KERRY: I’m all for strength when appropriate, and, you bet, there are a lot of
countries in the Middle East that understand strength, and it’s a very important
message. But in my judgment, the way it was applied this time, it has encouraged
street-level anger, and I have been told by people it encourages the recruitment of
terrorists. I mean, look, even Rumsfeld’s own memo underscores that they haven’t
discovered how to stem the tide of recruitment.
TIME: Why would internationalizing the Iraq be a more effective strategy for
stabilizing the country?
KERRY: The legitimacy of the governing process that emerges from an essentially
American process is always subject to greater questioning than one that is developed with
broader, global consent.
TIME: How do you bring in others?
KERRY: I spent the time to go to the U.N. and sit with the Security Council
before the vote, because I wanted to ascertain what their real state of mind was and
whether or not they would be prepared to enforce the resolution, provide troops, whether
or not they took it seriously, whether or not they would share costs and burden, and I
came away convinced after a two-hour conversation, a lot of questions, that they would.
TIME: You’ve criticised the pre-emptive nature of the Bush doctrine.
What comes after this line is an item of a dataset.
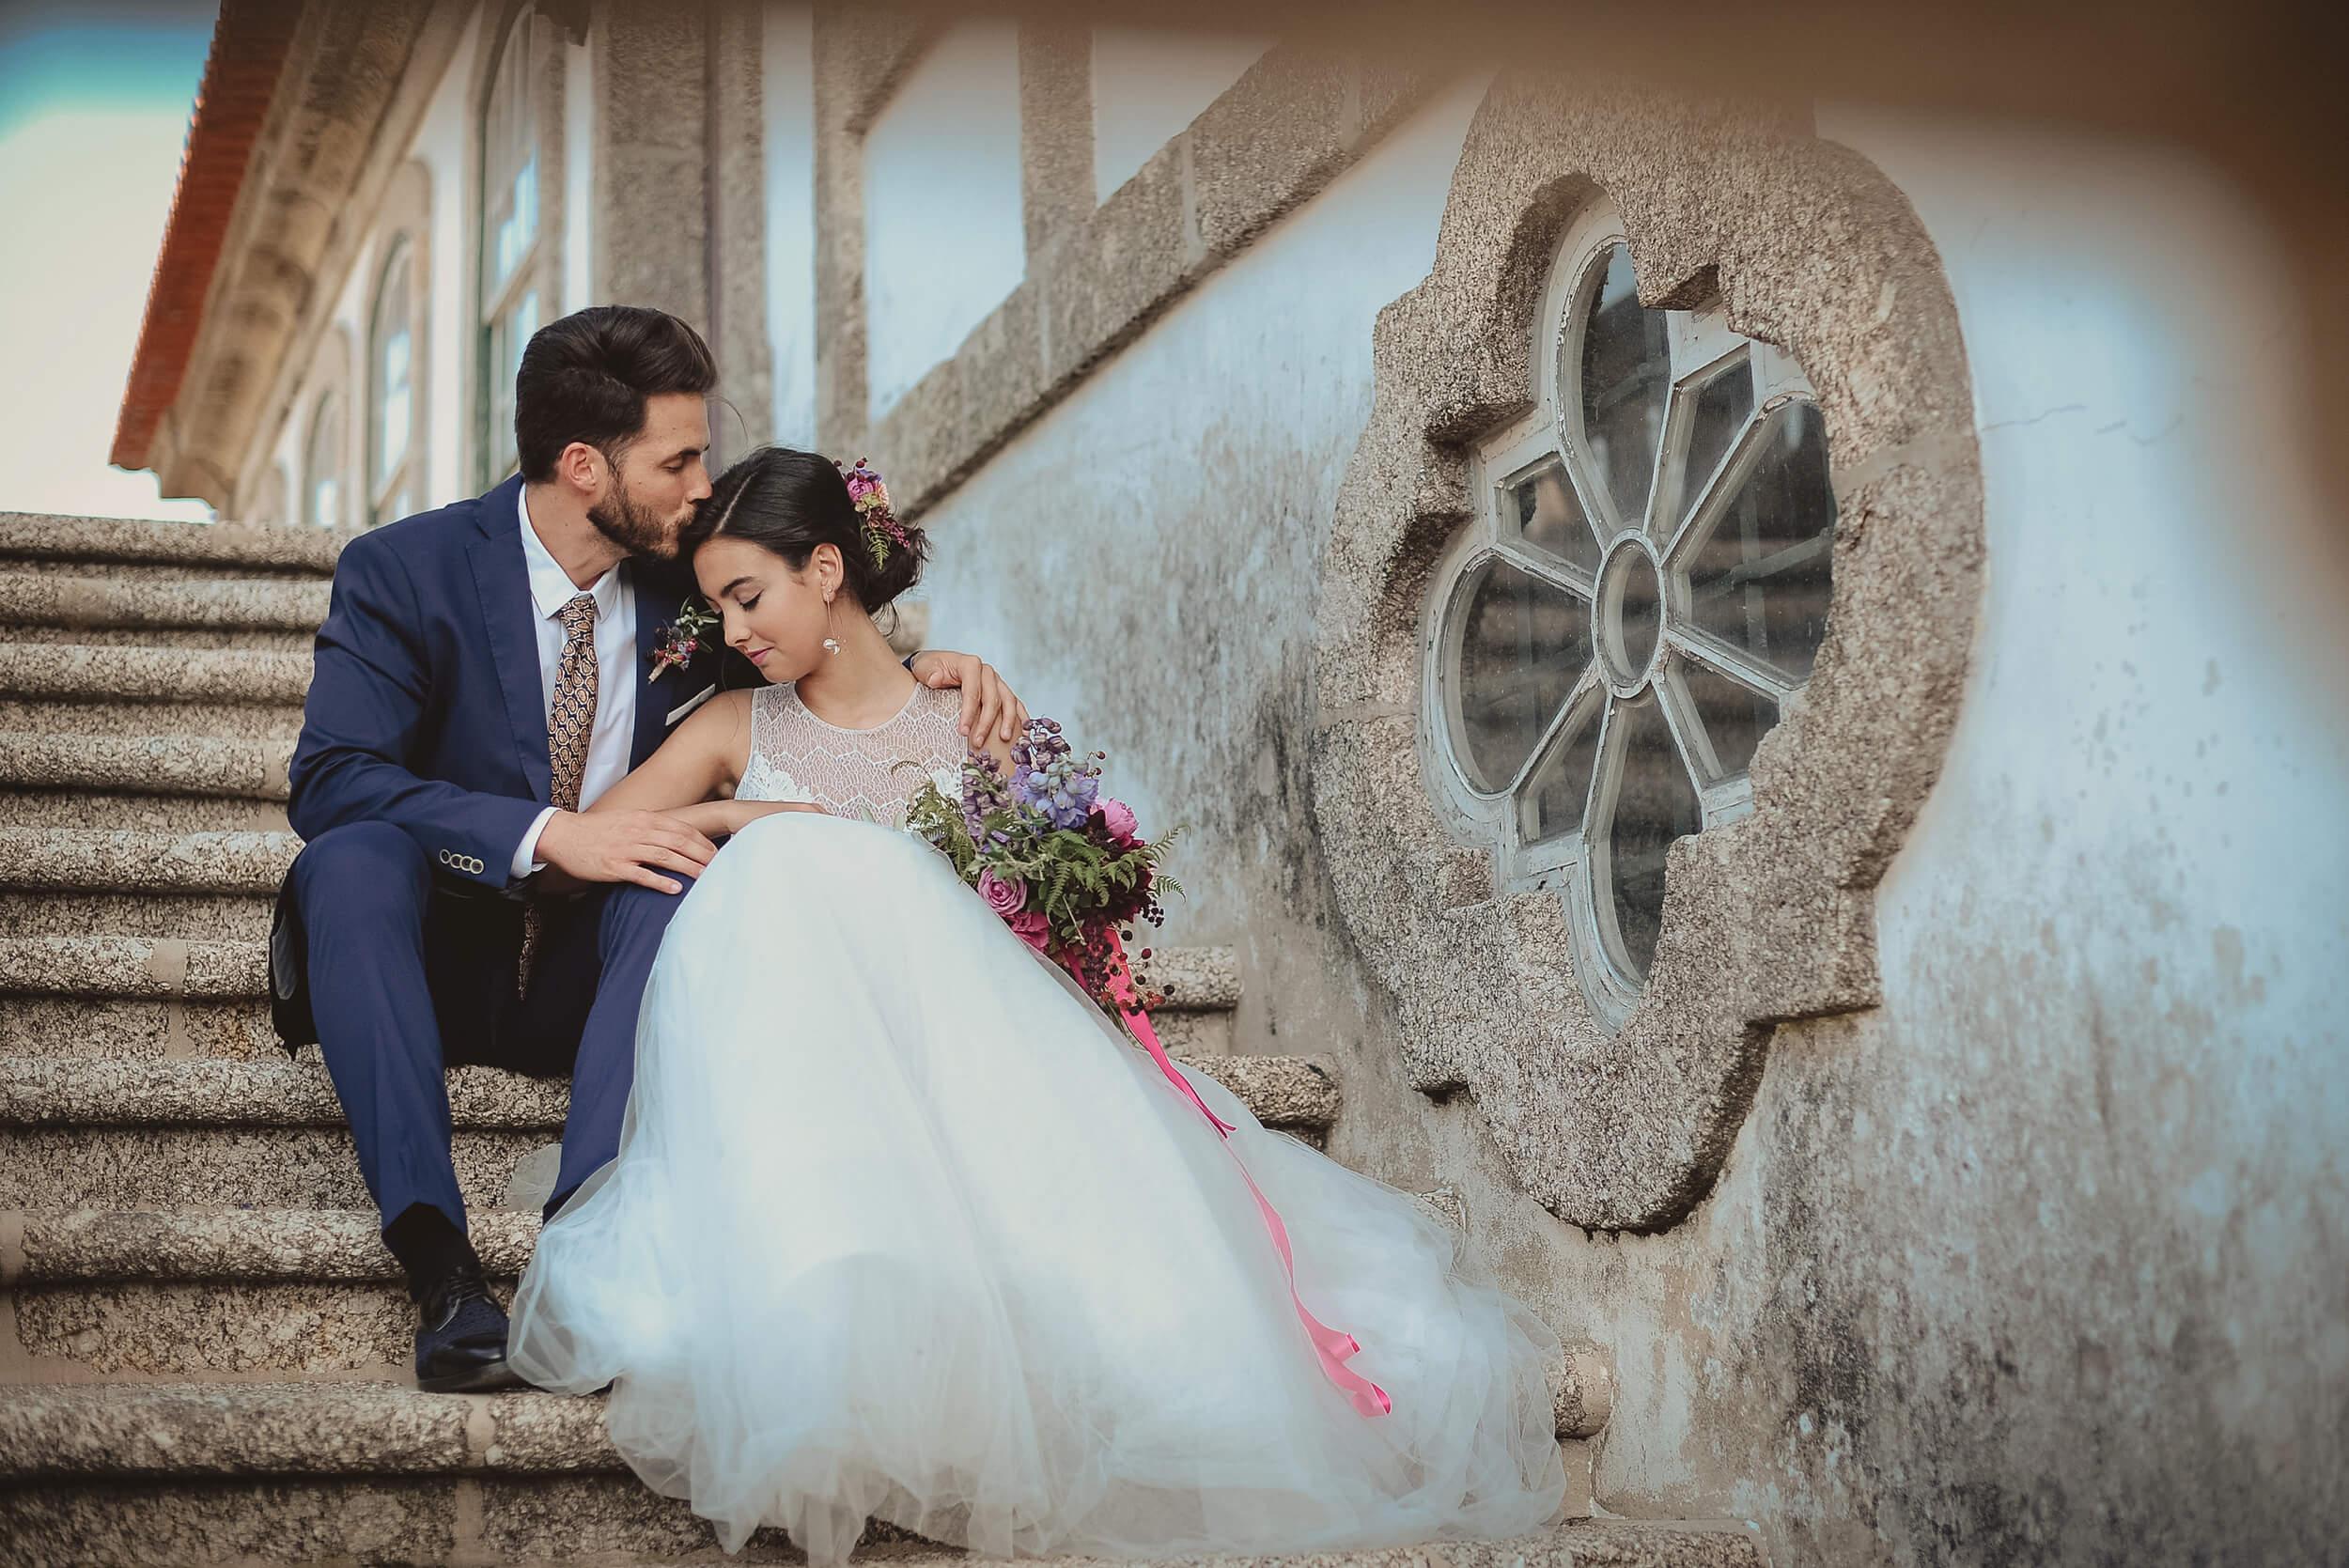 roma-organizacao-eventos-editorial-casamento-colorful-wedding-9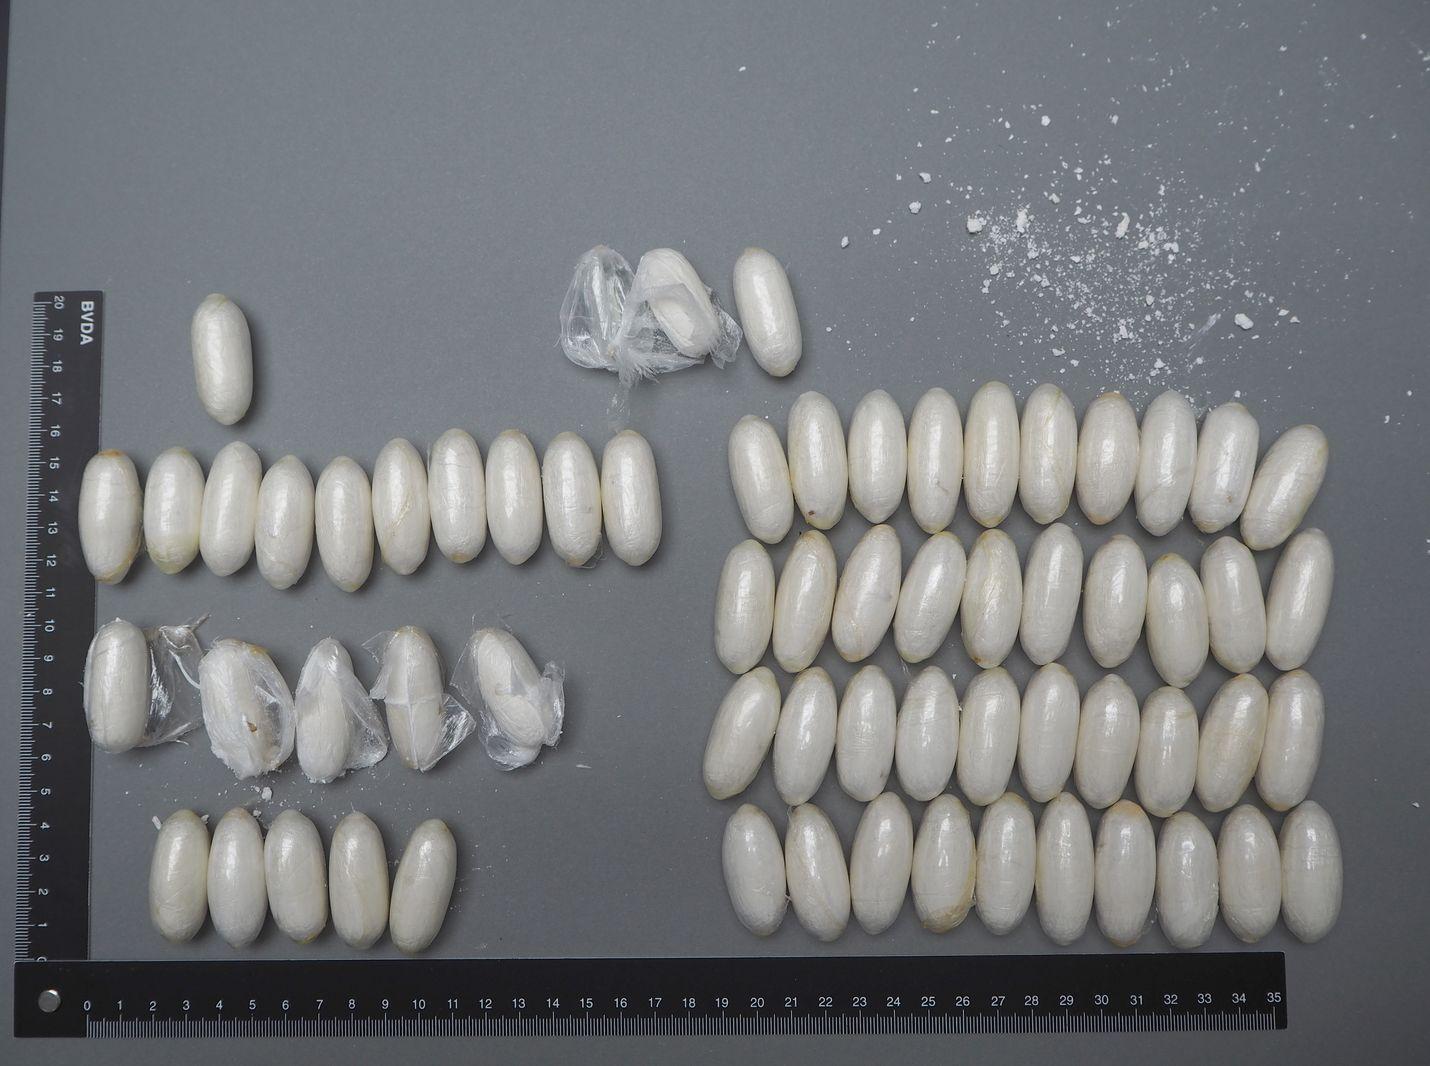 Keskusrikospoliisi pääsi viime kesänä kokaiiniliigan jäljille, jossa kolme hollantilaista toi Suomeen kehonsisäisesti kuvan huumepaketteja ja kymmenen suomalaismiehen tarkoituksena oli levittää huumeet Turussa ja Helsingissä. Kaikki liigan jäsenet ovat pari–kolmekymppisiä

KERRY: Let me emphasise: I’ll pre-empt where necessary. We are always entitled
to do that under the Charter of the U.N., which gives the right of self-defence of a
nation. We’ve always had a doctrine of pre-emption contained in first strike throughout
the cold war. So I understand that. It is the extension of it by the Bush Administration
to remove a person they don’t like that contravenes that.